»»
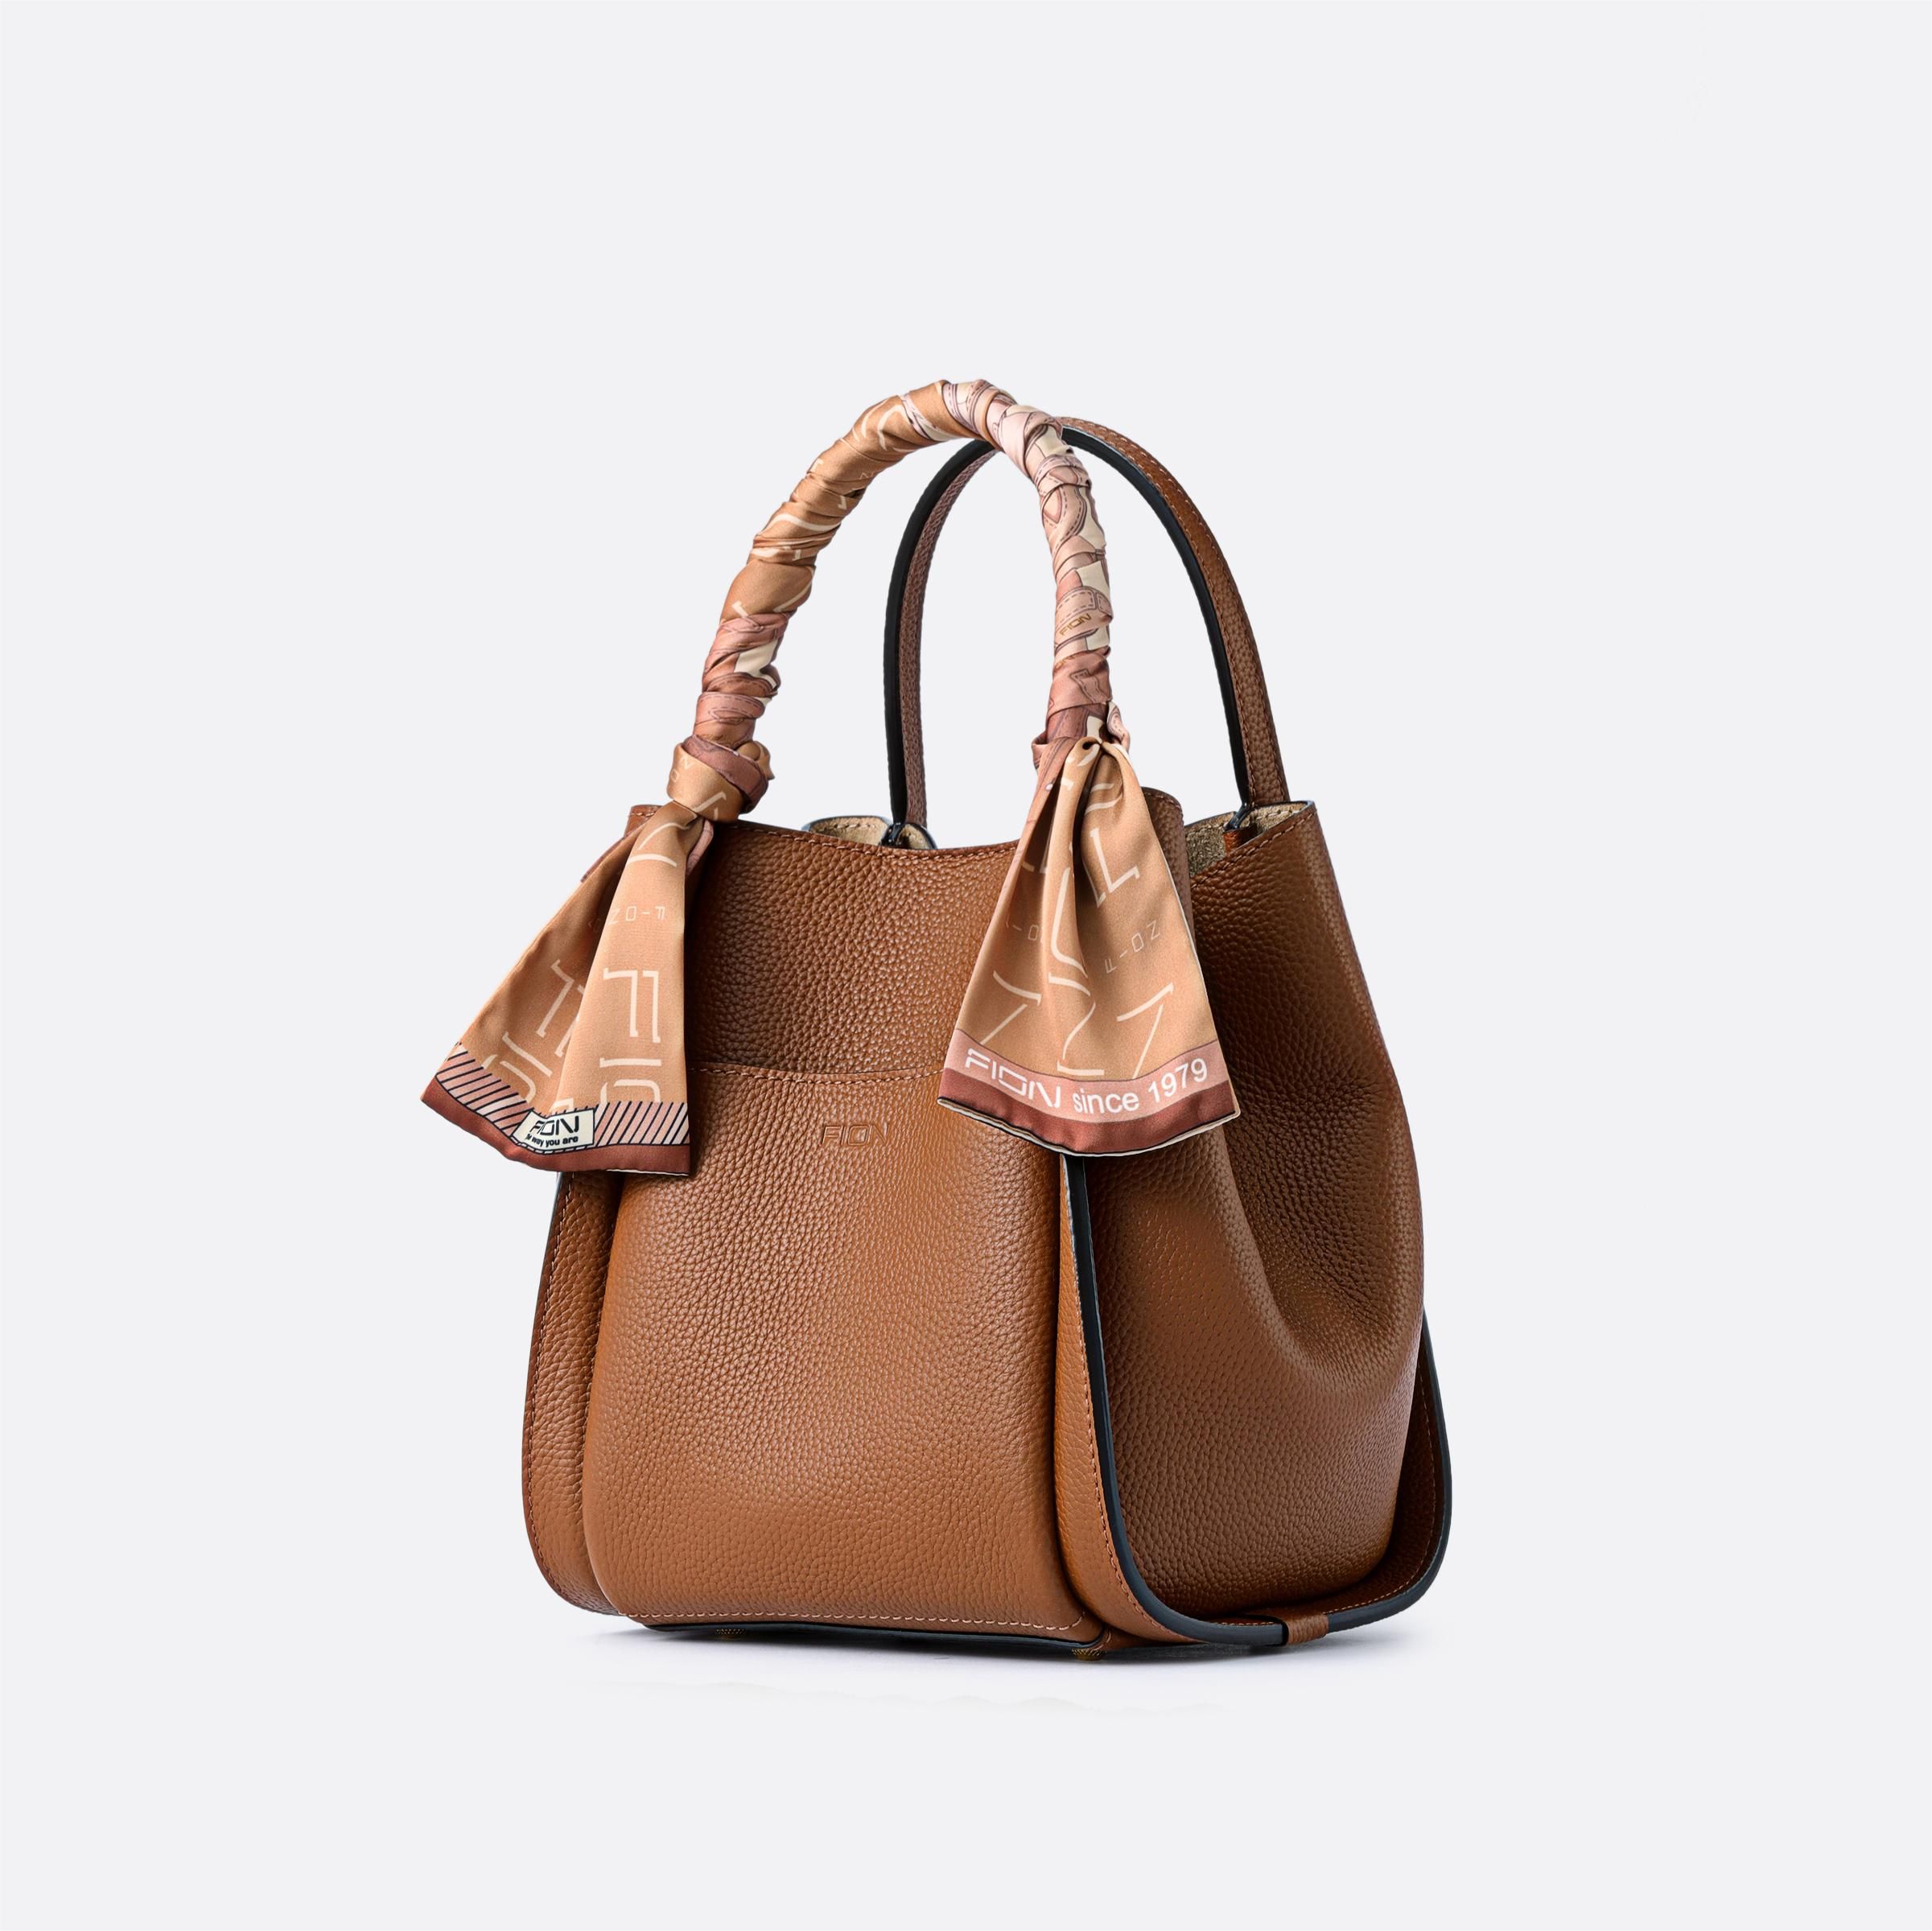 Minions Leather Mini Crossbody & Shoulder Handbag – FION HK
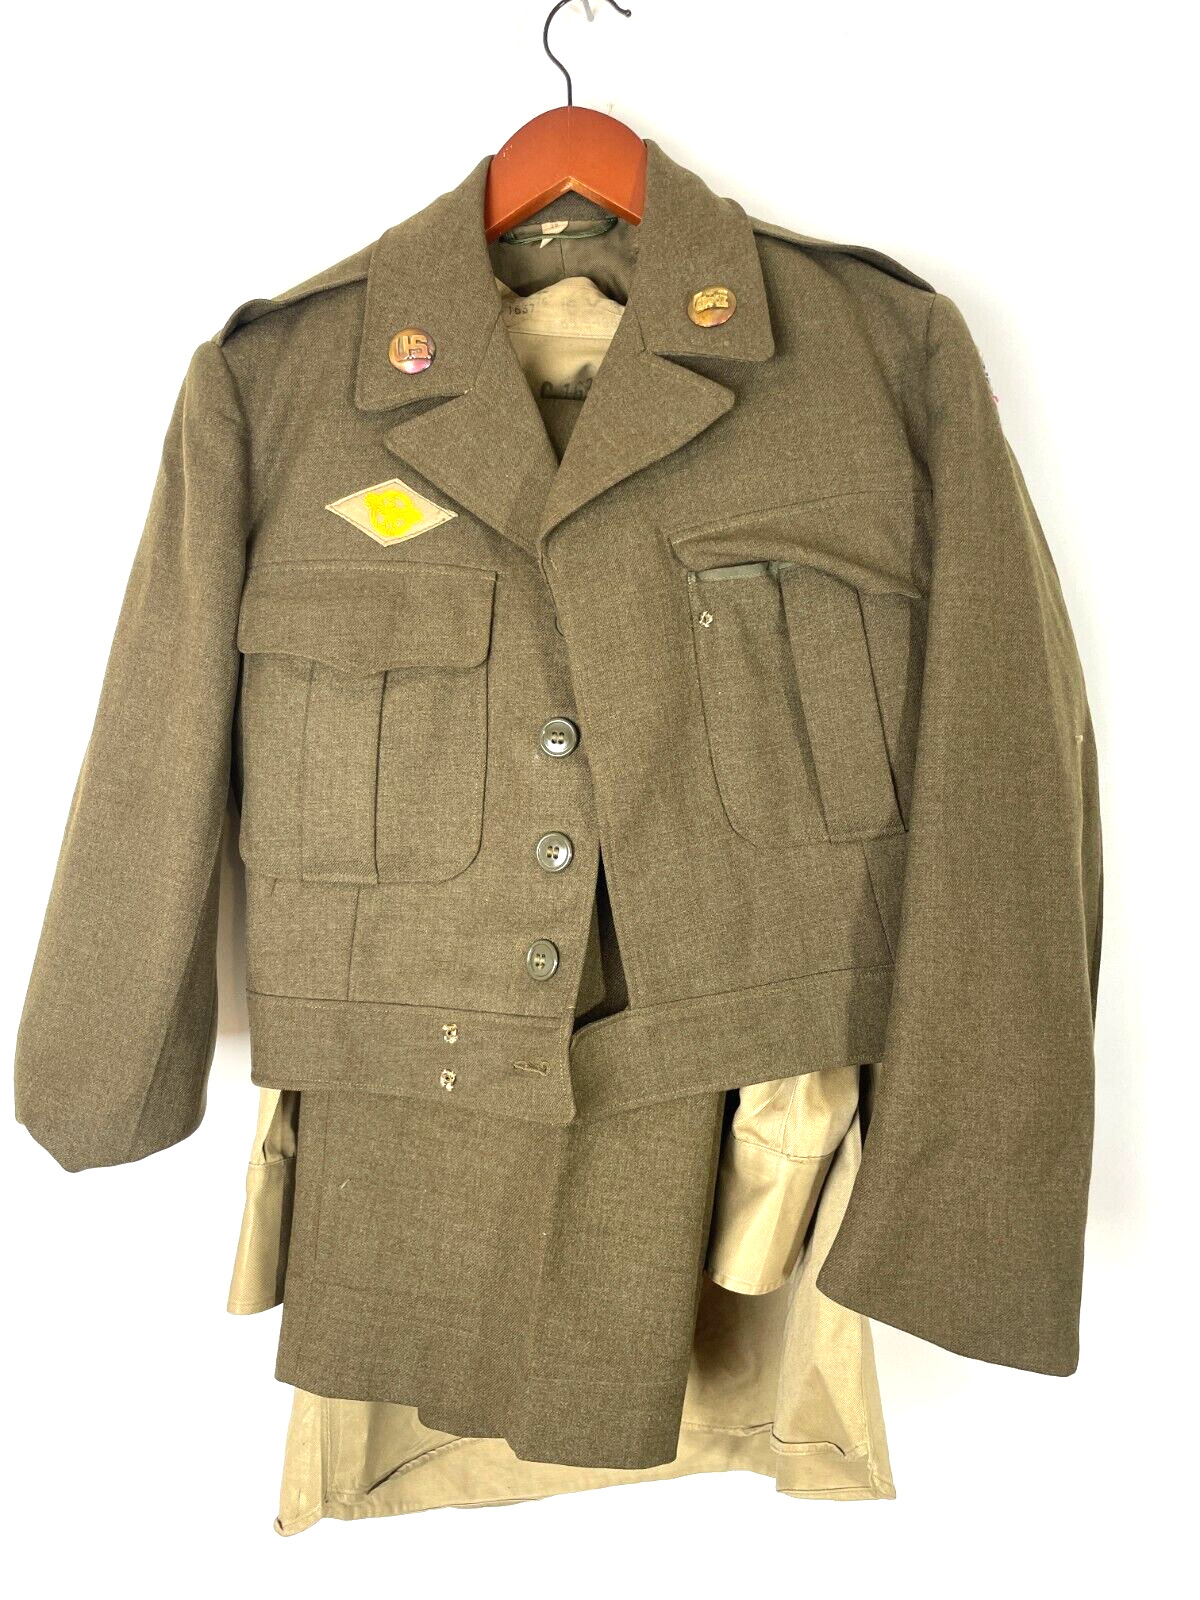 VTG US Military Men\'s 1950s Ike Jacket Army Uniform Pants Shirt etc Identified
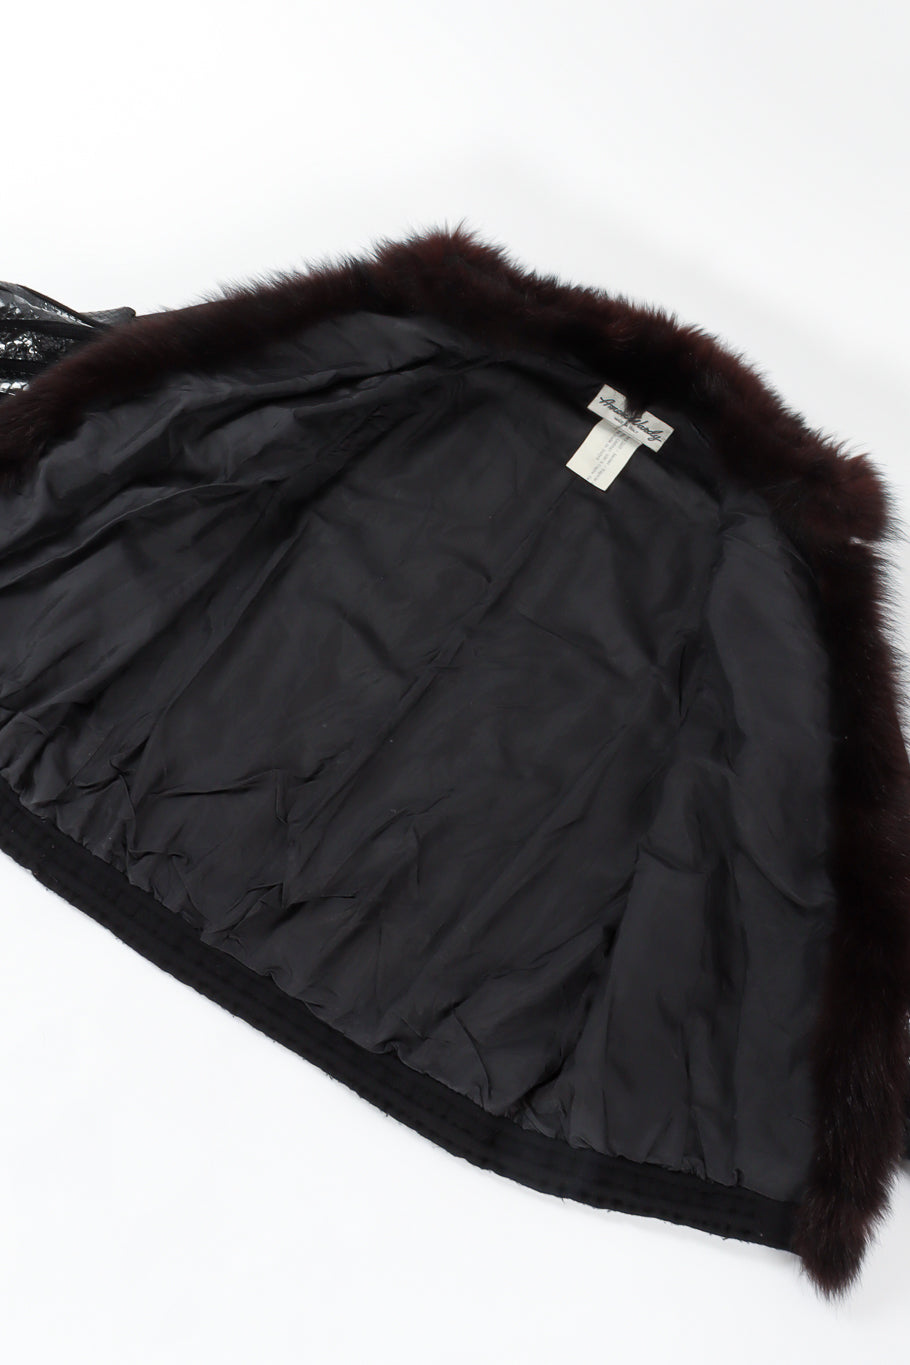 Vintage Amen Wardy Snake Leather Fur Jacket lining @ Recess LA
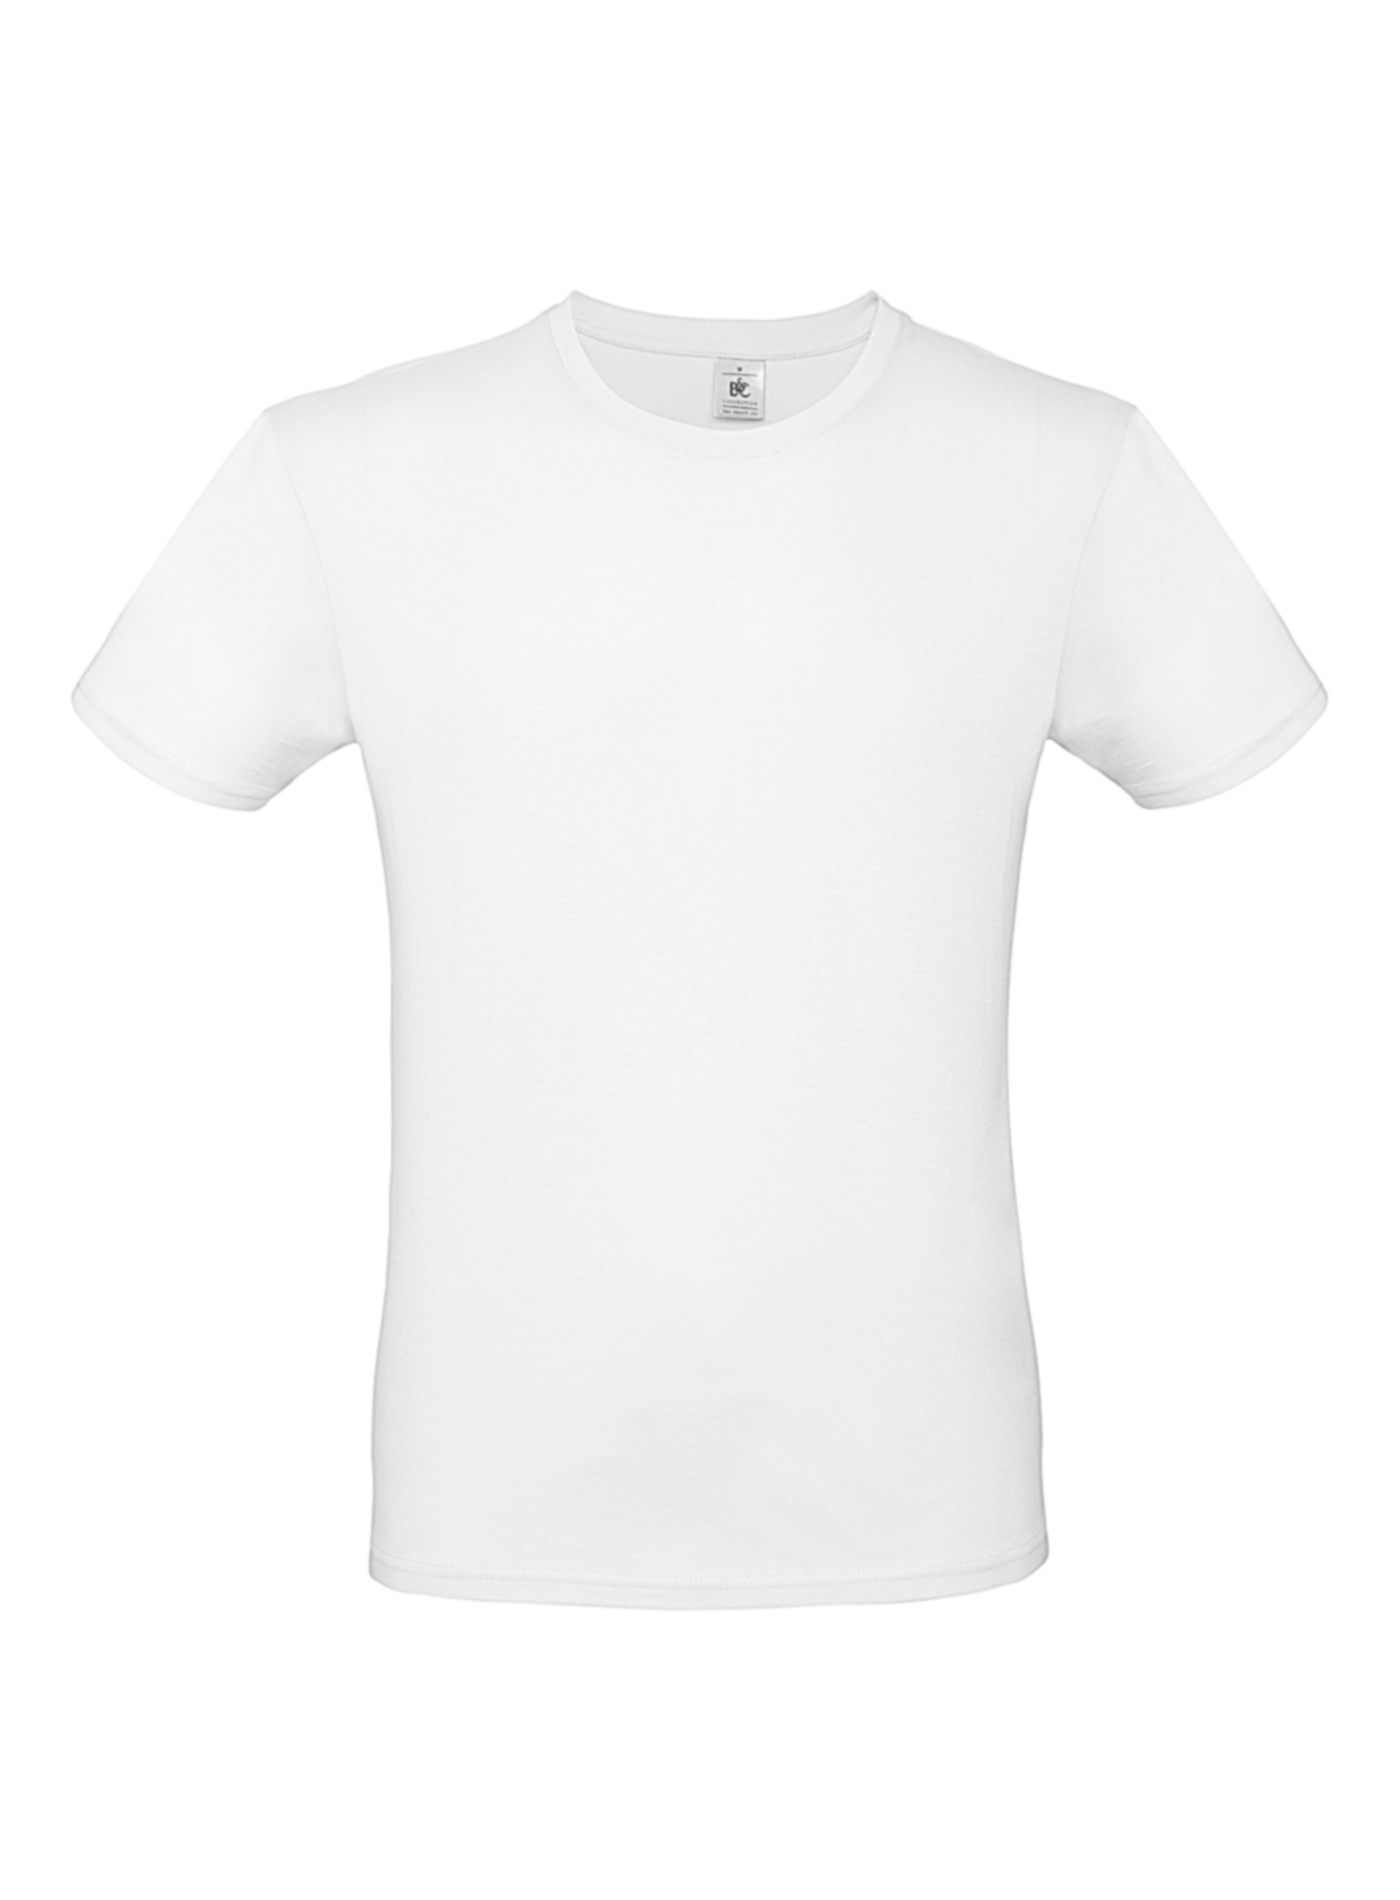 Pánské tričko B&C - Bílá S
««
Work to be completed - Only an exact copy of the lines from the one with "Vintage Amen Wardy" through the last line of the data above is wanted, and no pictures.

Output -
 Vintage Amen Wardy Snake Leather Fur Jacket lining @ Recess LA
 Pánské tričko B&C - Bílá S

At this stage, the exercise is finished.